Well! That won't happen because the way a relational database engine works, is that it will still have to compute all the skipped rows inside the server; therefore a large OFFSET might be inefficient.

You see?! It's bad right, just like if you want to start reading a book from a certain page but you still have to go over every page and count it yourself without the use of an index.

Don't worry, we got your back with a better solution 😎

Cursor pagination

This approach tend to set a pointer to a specific record in your datatable. For it to work at its finest, the cursor must be unique and sequential. What this does, is that you will always fetch data after a certain row instead of relying in the positioning of rows inside your table.

Let's have an example to understand this more:

query {
  posts(limit: 10, publisherId: 1, cursor: 1) {
    title,
    content
  }
}

The query will skip all the 24th rows and returns the next 10 results in your dataset after the value of your cursor. The cursor here refers to the id of our posts.

Looking at your resolver, it will look like this:

P.S: We are using Sequelize as our ORM framework.

{
  async posts(parent, { limit, publisherId, cursor }) {
    return await Posts.findAll({
      where: {
        publisherId,
        id: {
          [Op.gt]: cursor
        }
      },
      limit
    })
  }
}

Cursor based pagination is more performant than offsets because we can leverage database indexes on the columns in the where clause that are being used as cursors.

There is more to this solution, and many libraries and frameworks out there are presenting you with their own cursor style pagination; But we can't go over each of if, we will stick to the one that is most used with React.

Relay style pagination

Relay is a framework for building data driven React apps. Relay provides a standard mechanism to slice data and paginate the results.

query {
  posts(first: 10, after: "cursor") {
    edges {
      cursor
      node {
        id
        title
        content
      }
    }
    pageInfo {
      hasNextPage
    }
  }
}

Here, slicing is done using the first argument. This is similar to the limit which we had applied in the earlier queries. Pagination is done using the after argument, which will pass a cursor expecting results to be after that cursor. It also asks for hasNextPage which tells the client whether there are more results, since there is no concept of total number of pages in Cursor pagination.

Recap

We learned two different pagination styles, and walked trough both of it. To recap our tutorial, let's list again what each approach offers.

Offset

Pros

It gives you the ability to see the total number of pages and their progress through that total.
It gives you the ability to jump to a specific page within the set.
It’s easy to implement as long as there is an explicit ordering of the results from a query.

Cons

Using LIMIT OFFSET doesn’t scale well for large datasets. As the offset increases the farther you go within the dataset, the database still has to read up to offset + count rows from disk, before discarding the offset and only returning count rows.
If items are being written to the dataset at a high frequency, the page window becomes unreliable, potentially skipping or returning duplicate results.

Cursor

Pros

This will scale well for large datasets. We’re using a WHERE clause to fetch rows with index values less than the last index from the previous page. This lets us leverage the index on the column and the database doesn’t have to read any rows that we’ve already seen. We’re also not returning the total number of pages or items in the set, so we avoid having to calculate the full result set on each request.
The pagination process is stabilized. Instead of calculating from scratch on each request based on the total number of items, we’re always fetching the next count rows after a specific reference point. If items are being written to the dataset at a high frequency, the overall position of the cursor in the set might change, but the pagination window adjusts accordingly.

Cons

The cursor must be based on a unique, sequential column (or columns) in the source table.
There is no concept of the total number of pages or results in the set.
The client can’t jump to a specific page.
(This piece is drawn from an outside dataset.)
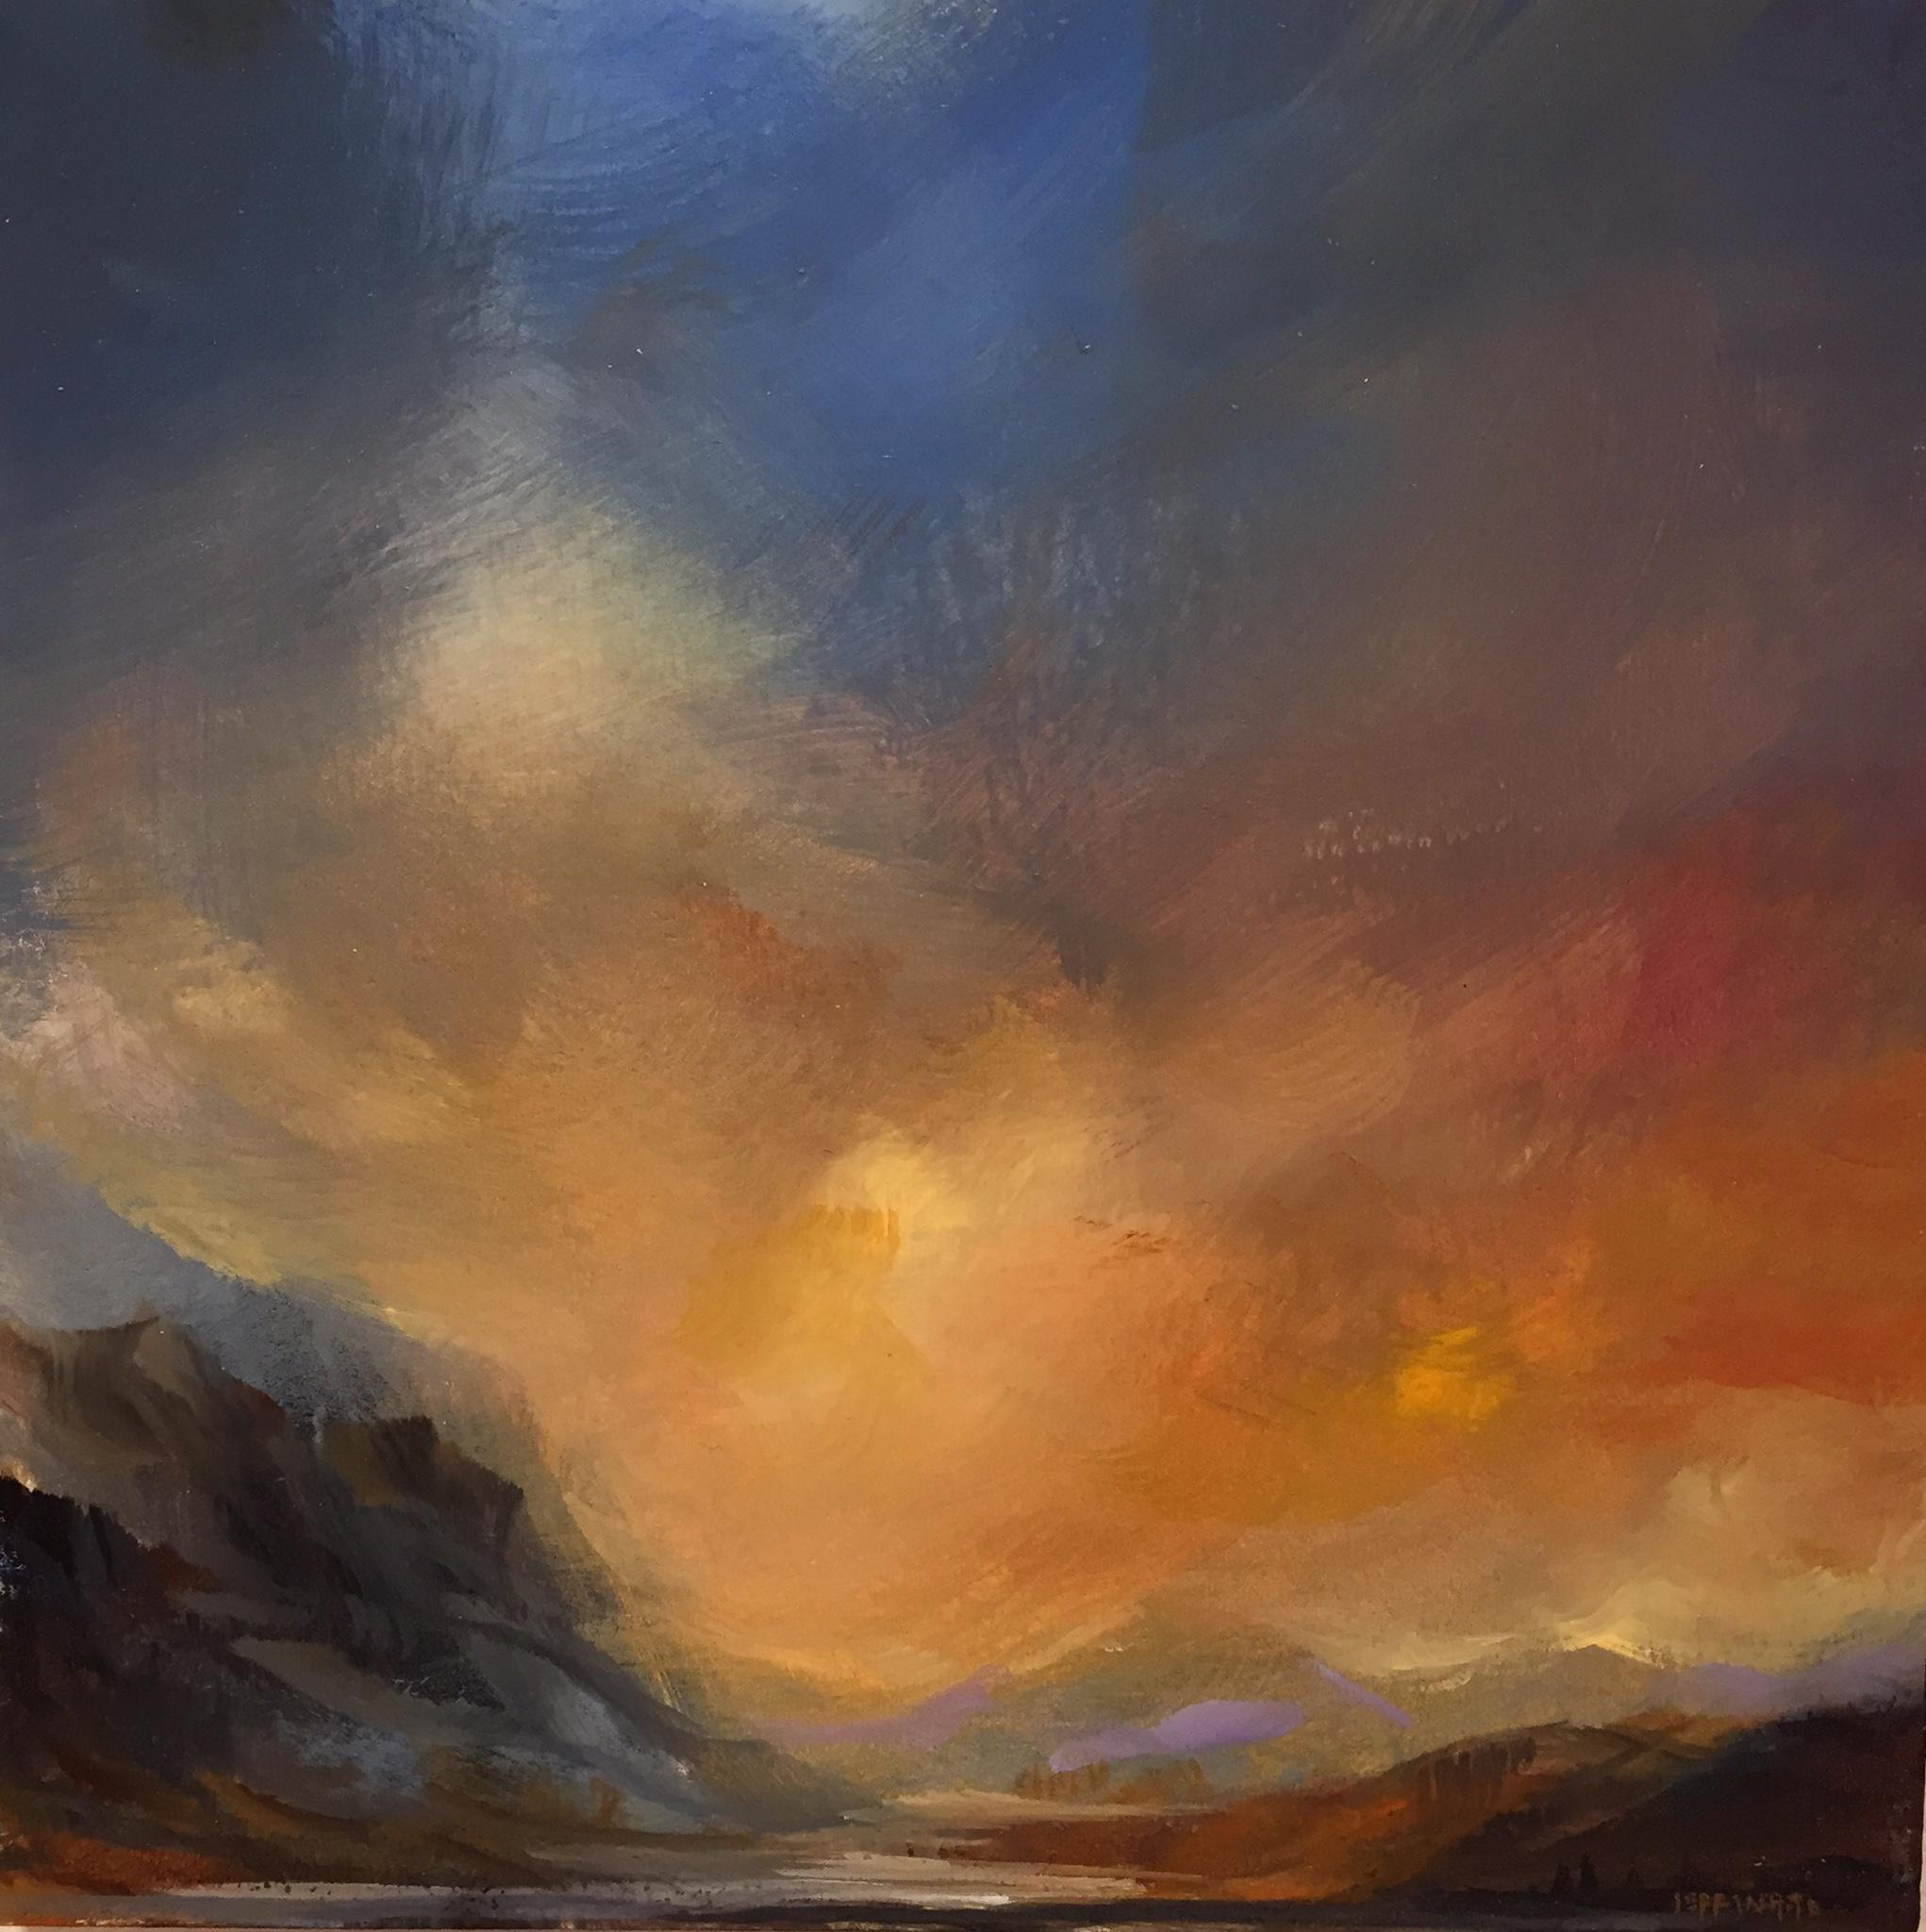 Impression of the Gorge V

P.S.: This image shows the differences between both approaches.

Dictionary

(1): OFFSET says to skip that many rows before beginning to return rows.
(2): LIMIT is an optional clause of the SELECT statement that returns a subset of rows returned by the query.

With that said, I hope you enjoyed reading the article and understood the differences between both approaches 😄

Brought to you with ❤️

=====================

Github repo: https://github.com/JefferyHus/graphql-pagination

Top comments (11)

Ari Seyhun • Feb 20 '21 • Edited

Thanks for this article El Housseine Jaafari!

I am implementing this for myself and using the ID as the cursor works just fine when sorting by time, but in my case I also want to sort by "rating" (a column in my database).

Would it be appropriate to make the cursor be in the shape of {rating}:{created_at} encoded as base64?
For example: 30:1613828846856 for a rating of 30 with the timestamp as 1613828846856 (which would be MzA6MTYxMzgyODg0Njg1Ng== encoded as base64).

I'm not sure if this is hacky but it's the only kind of solution I can come up with for an SQL which ends with ORDER BY rating, created_at

El Housseine Jaafari • Aug 27 '21

Your case is not easy in case of using a relational database. But there is the solution to create a view from your query and add an attribute that will be a combination of the rating & the ID and then use the view to fetch data from it and this way the pagination will work like a charm for you.

Chihab Otmani • Feb 22 '20

Great article El Housseine!

How would the resolver's implementation be if the ids are not in sequence (ordered)?

El Housseine Jaafari • Feb 22 '20

Thanks for your comments and feedback :)

Your question is a good one, in the article I mention in the Cons part that using the cursor pagination style can not be achieved if you don't have a unique & sequential key.

Most of cases we have createdAt which can be used as a cursor key in case your primary key is of UUIDv4 or similar.

Chihab Otmani • Feb 22 '20 • Edited

I see, makes sense!

The issue is that createdAt might not be unique so we could have items on a page re-displayed on the next page.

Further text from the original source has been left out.